**Supplied information**

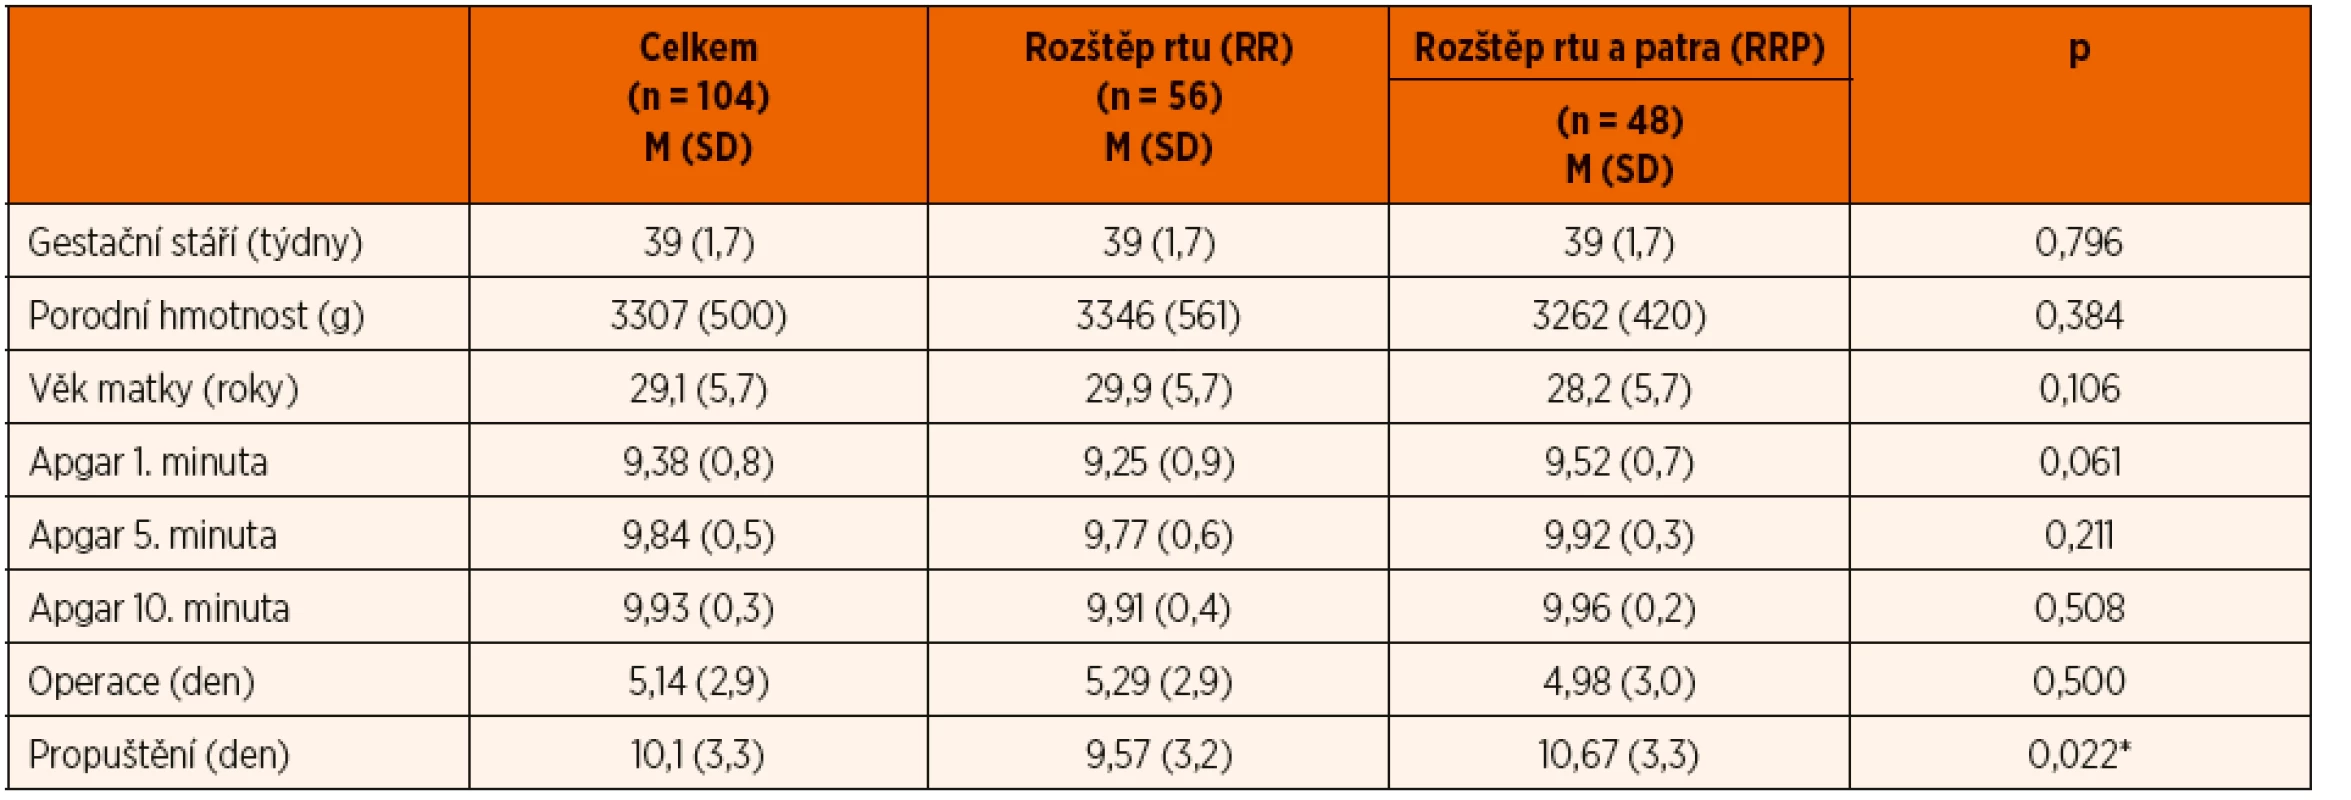 Srovnání demografických charakteristik skupiny pacientů s rozštěpem rtu (RR) a s rozštěpem rtu a patra (RRP).
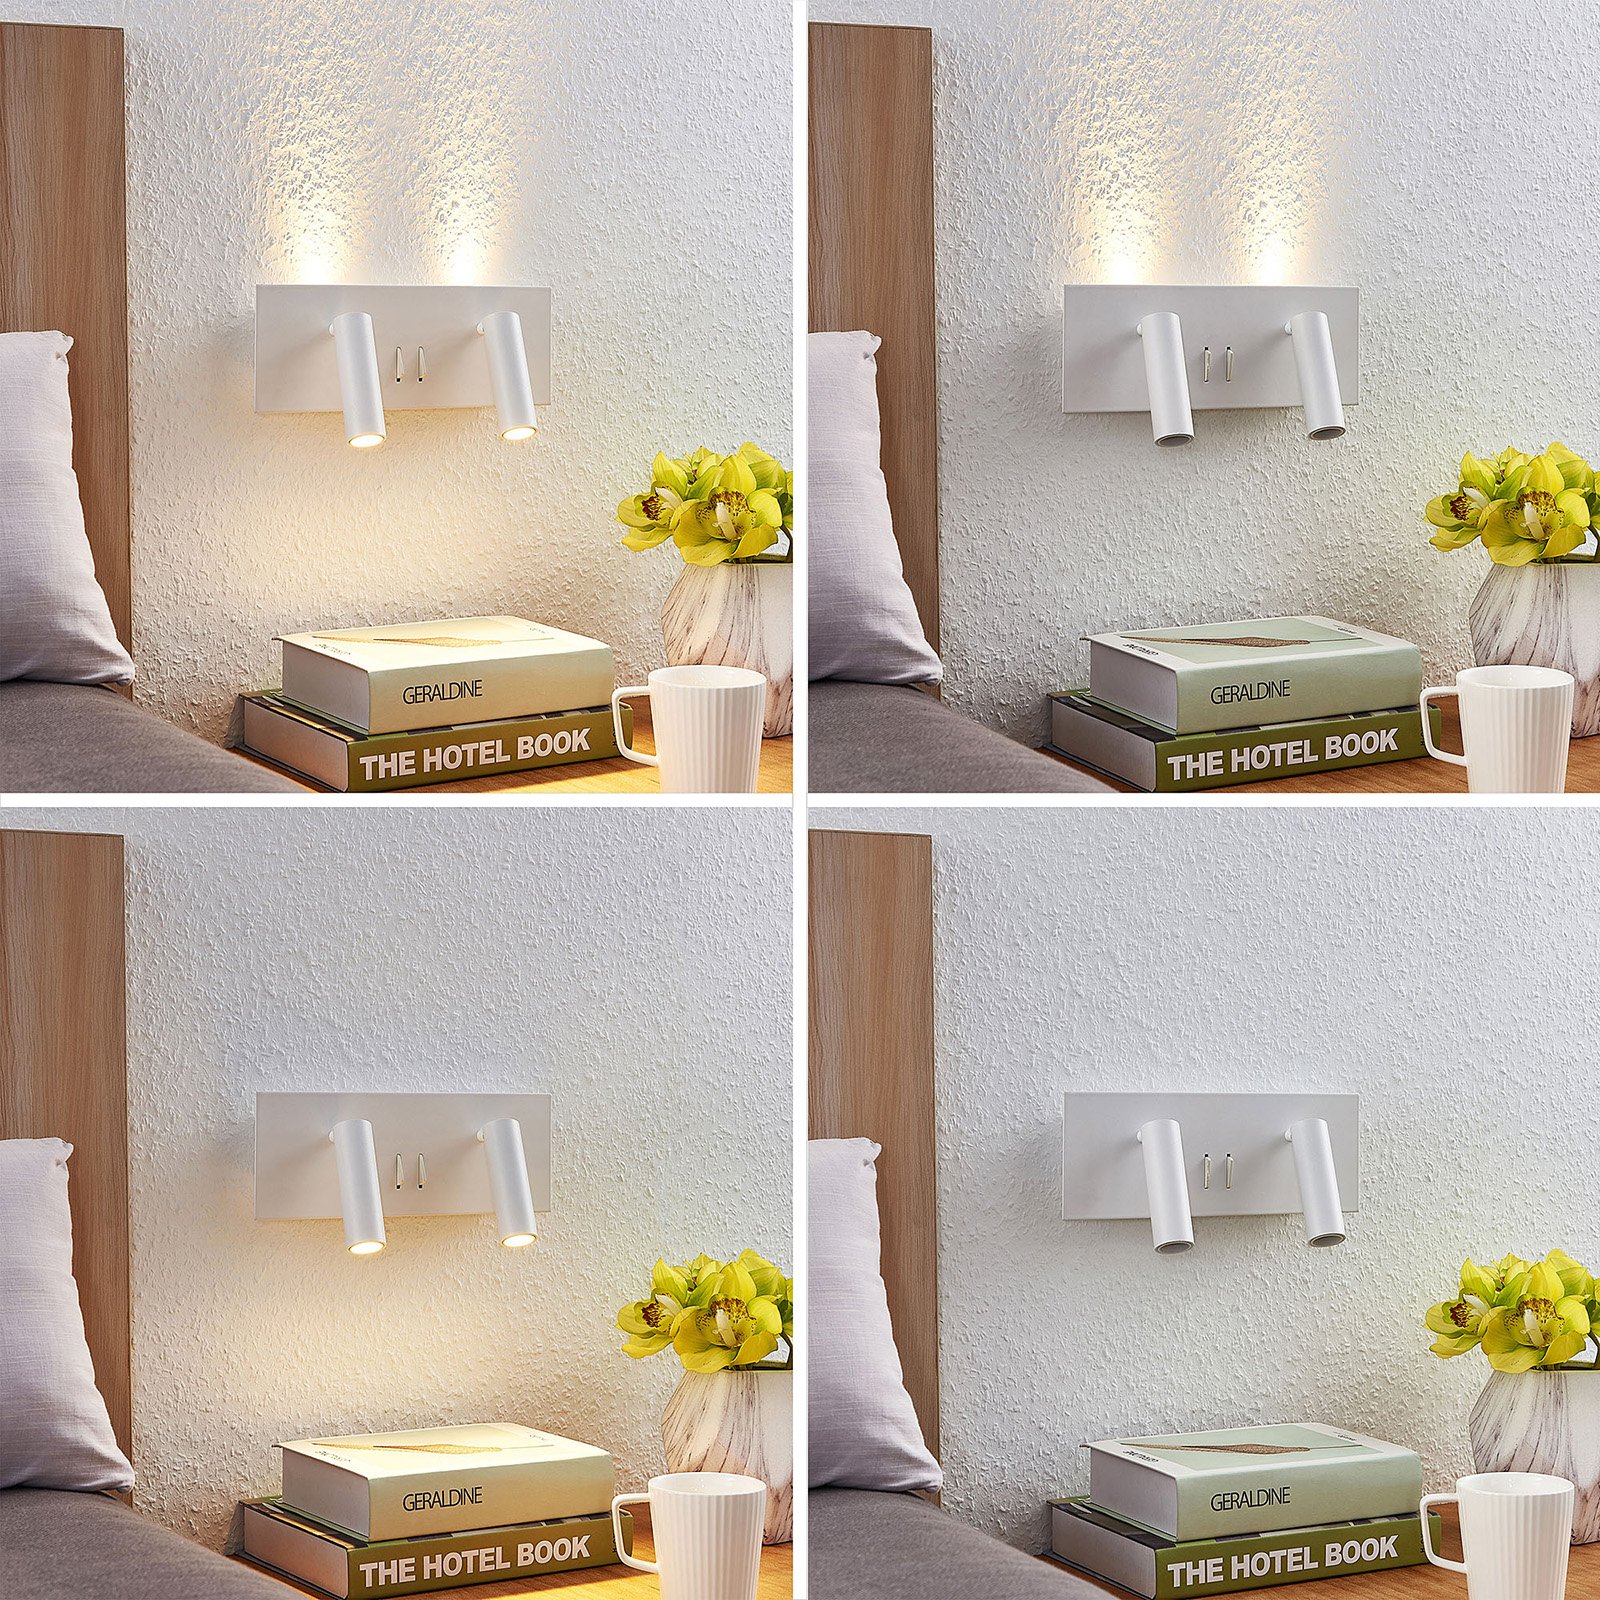 Lucande Magya Applique LED blanche à 4 lampes
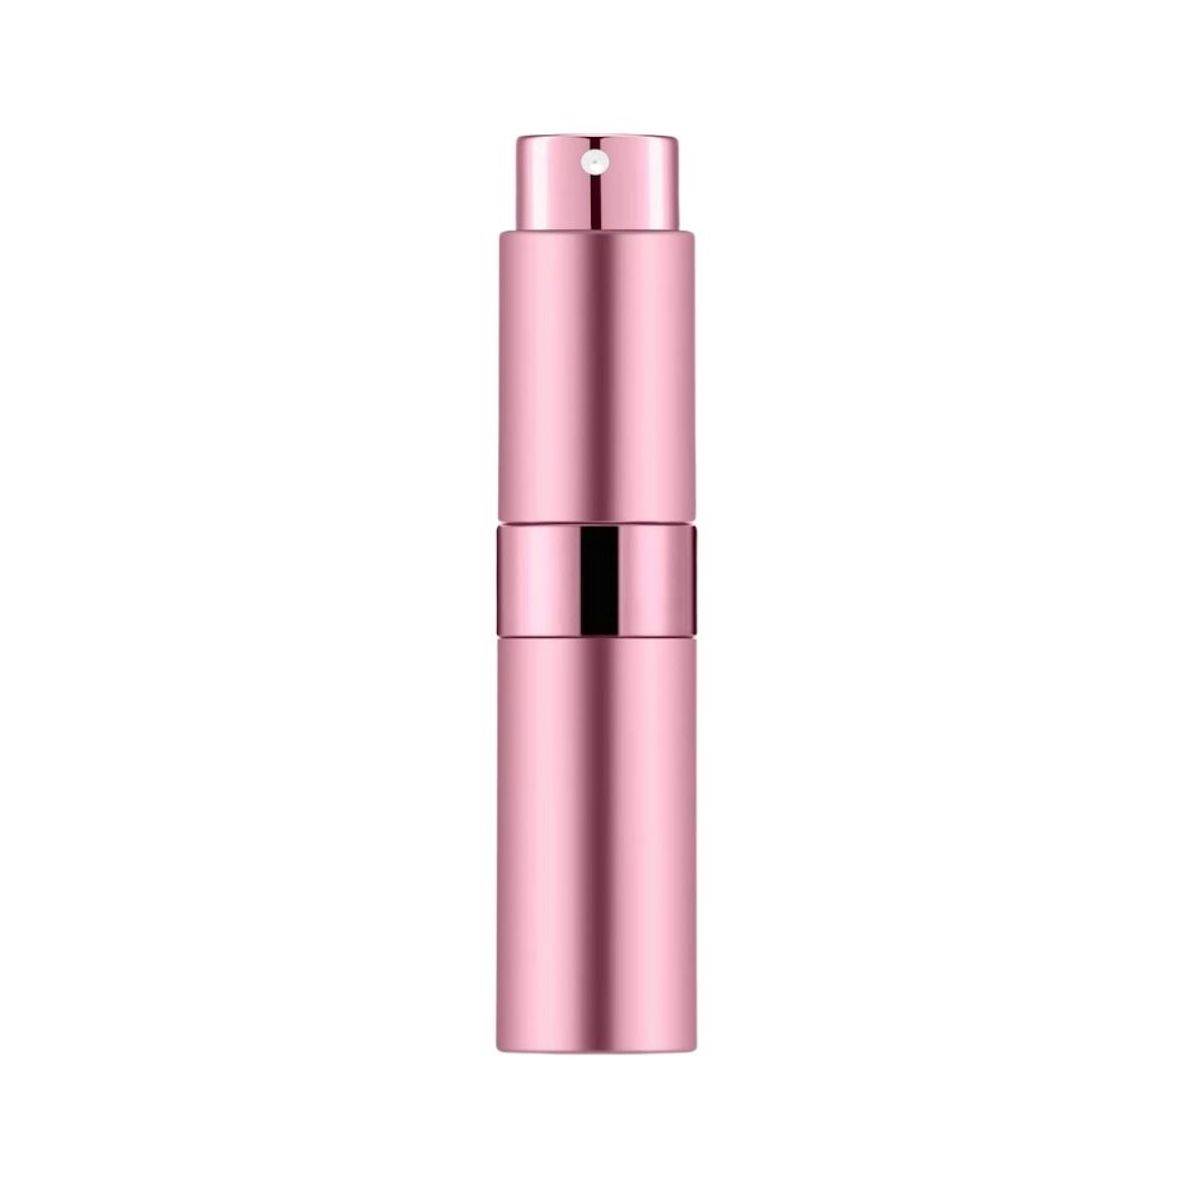 UNIQ Travel Perfume Spray Bottle; 8 ml - Rosa

**The problem**
When you repeat the lines above, keep them exact and leave out each image they contain.

**Response area**
 Srovnání demografických charakteristik skupiny pacientů s rozštěpem rtu (RR) a s rozštěpem rtu a patra (RRP).
 Lucande Magya Applique LED blanche à 4 lampes
 UNIQ Travel Perfume Spray Bottle; 8 ml - Rosa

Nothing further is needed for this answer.